California Worker’s Compensation Laws

California worker’s compensation laws are applicable since the year 1913 when the Boynton Act was first enacted. However, it was since 1917 when the state government made the compensation coverage mandatory for the employers. As per these laws, when job-related injuries or illnesses result in temporary or permanent disability for employees, they are entitled for compensation from their employers. The amount of compensation does not just cover the medical expenses but also the wages loss thus caused. Unlike the majority of other states in the United States of America, California does not even require an injured employee to sue the employer in a court. The provisions of the state laws have been designed in such a way that ensures immediate medical and financial benefits to the injured employees. Following is a brief rundown on some of the major aspects of these laws.

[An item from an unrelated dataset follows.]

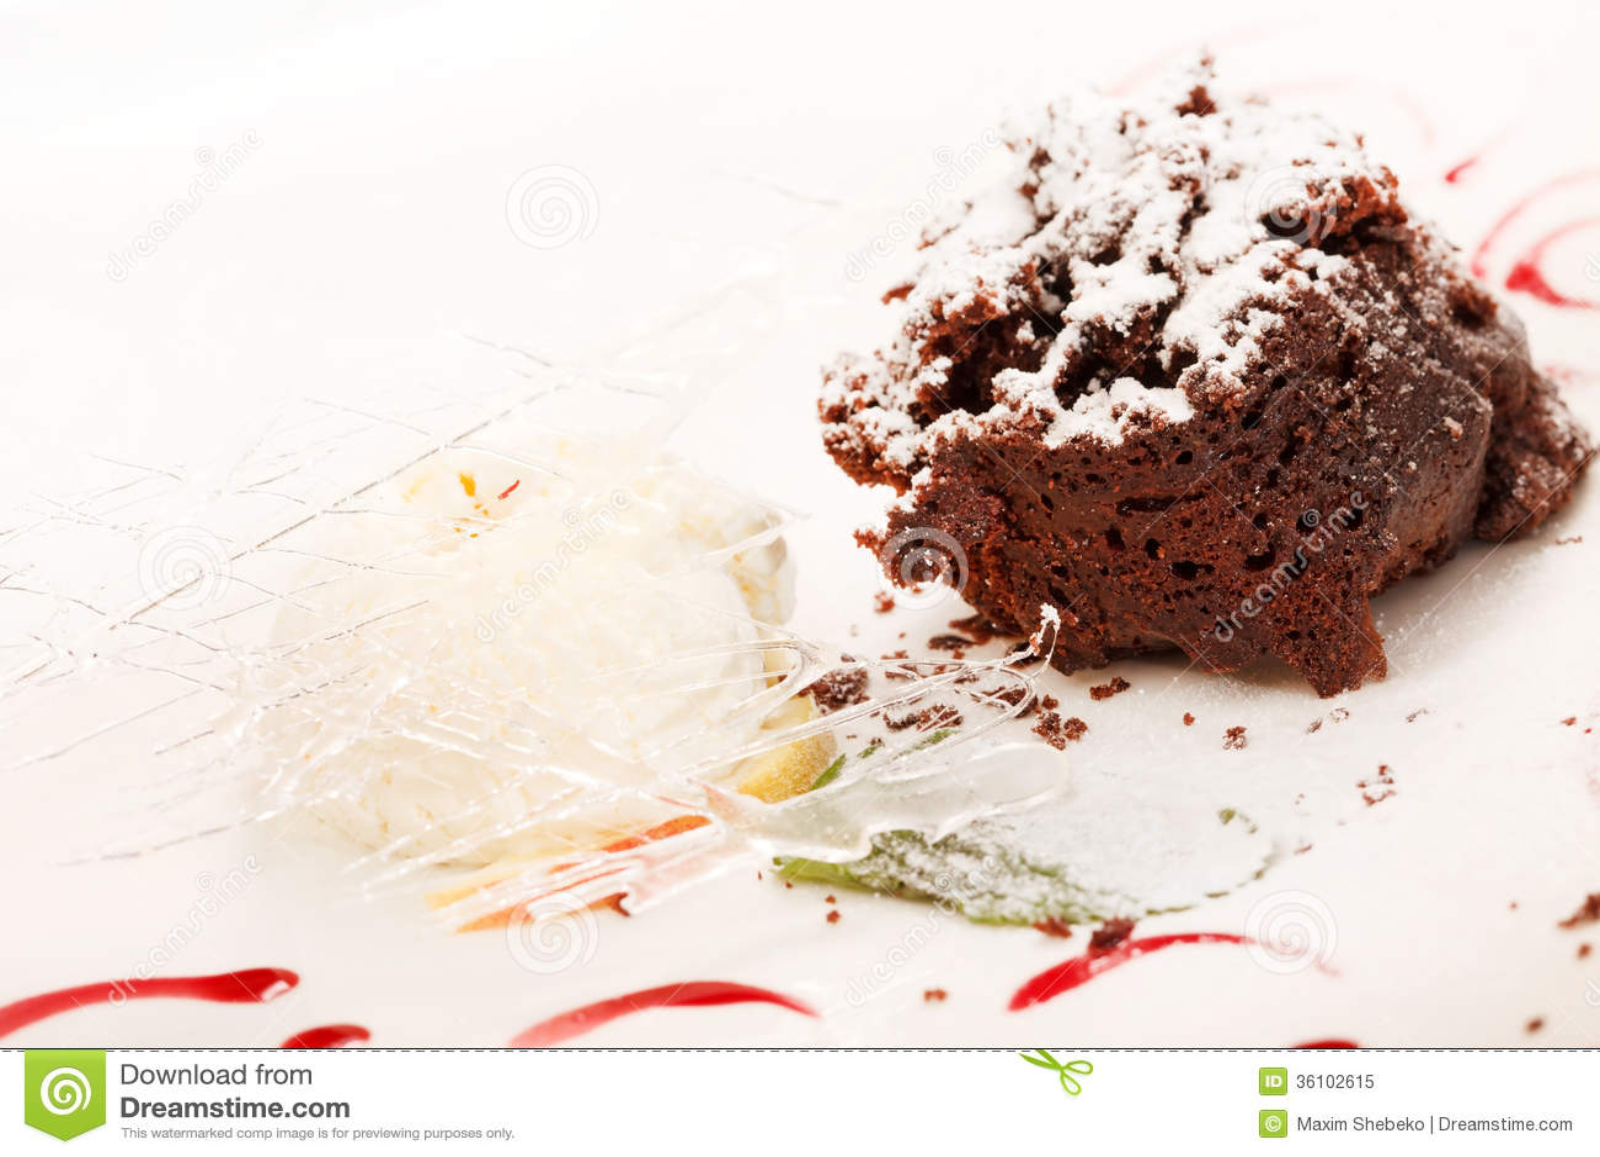 Chocolate Cake Royalty Free Stock Photo - Image: 36102615

Legal Requirements For Employers

As per the California worker’s compensation laws, the state has adopted a compulsory system for compensation to those employees who get injured at the workplace on a no-fault basis. It is legally mandatory for all employers who are running their businesses in the state of California to obtain a suitable worker’s compensation insurance policy. Alternatively, they can contact the state Director of Industrial Relations and obtain a certificate of consent to self-insure from them. Failure to meet these legal requirements is considered as a misdemeanor, which may result in up to $10000 of monetary fine and/or up to twelve months in jail imprisonment.

Choice Of Physician

In California, a self-insured employer or a worker’s compensation insurer often establish a group of health care providers, known as MPN (Medical Provider Network). An injured employee must choose a physician from this group to for the treatment of work-related injuries. However, the California worker’s compensation laws also allow certain exceptions. For example, the employees while signing up for the job get an option to declare if they will use their personal physician for the treatment of job-related injuries. If a personal physician has been pre-designated, the injured employee will have an option to choose either his or her personal care provider or someone from the Medical Provider Network as established by the employer or their workers compensation insurer. Here. It is important to note that the pre-designated option is usually applicable in those organizations that meet certain basic legal criteria in this regard. For example, this option can be used –
- if the employee has already notified the employer in advance about it,
- if the personal physician selected by the employee has provided his or her consent to treat job-related injuries,
- if the chosen health care provider has the past medical records of the employee resulting from the previous treatments, or
- if the employer is providing group health coverage.

Death Benefits

In cases, where an employee dies because of an accident at the workplace or because of an illness or injury caused by hazardous factors available at the workplace, the California worker’s compensation laws provide death benefits to the immediate family members of the victim. The eligible members to receive these types of benefits include the surviving dependents, such as children and/or the surviving spouse.

Permanent Disability Benefits

The state laws also provide permanent disability benefits to those employees who are unable to return to work because of the injuries or illness caused at the workplace. There are certain provisions that have been explained under the state laws that are used to establish the amount of compensation in these types of cases. Some major factors that are taken into account in this regard include the salary or the wages of the employee before the injury occurred, the date of the injury, and the disability rating of the employee (severity of the disability). The workers compensation claim adjuster must start making the payments for the permanent disability benefits within two weeks after the time period for the temporary disability benefits end.

Temporary Disability Benefits

The California worker’s compensation laws have enacted certain provisions that make it mandatory for the employers to provide monetary compensation to the injured employees to cover the lost wages until they completely recover from the injuries. There are basically two provisions – temporary partial disability benefits to those employees who are able to do some work during the recovery period and temporary total disability benefits to those who cannot return to work unless they are completely recovered from the work-related injuries or illnesses. In general, these types of benefits amount to two-third of the gross monthly salary.

Though no specific provisions have been made under the California worker’s compensation laws to limit the attorney’s fee for such cases, a California workers compensation lawyer must first get the fees approved from the Department of Industrial relations on a case-by-case basis. As we can see, the laws are in favor of the employees, but these laws can benefit you only if you are well aware of your legal rights.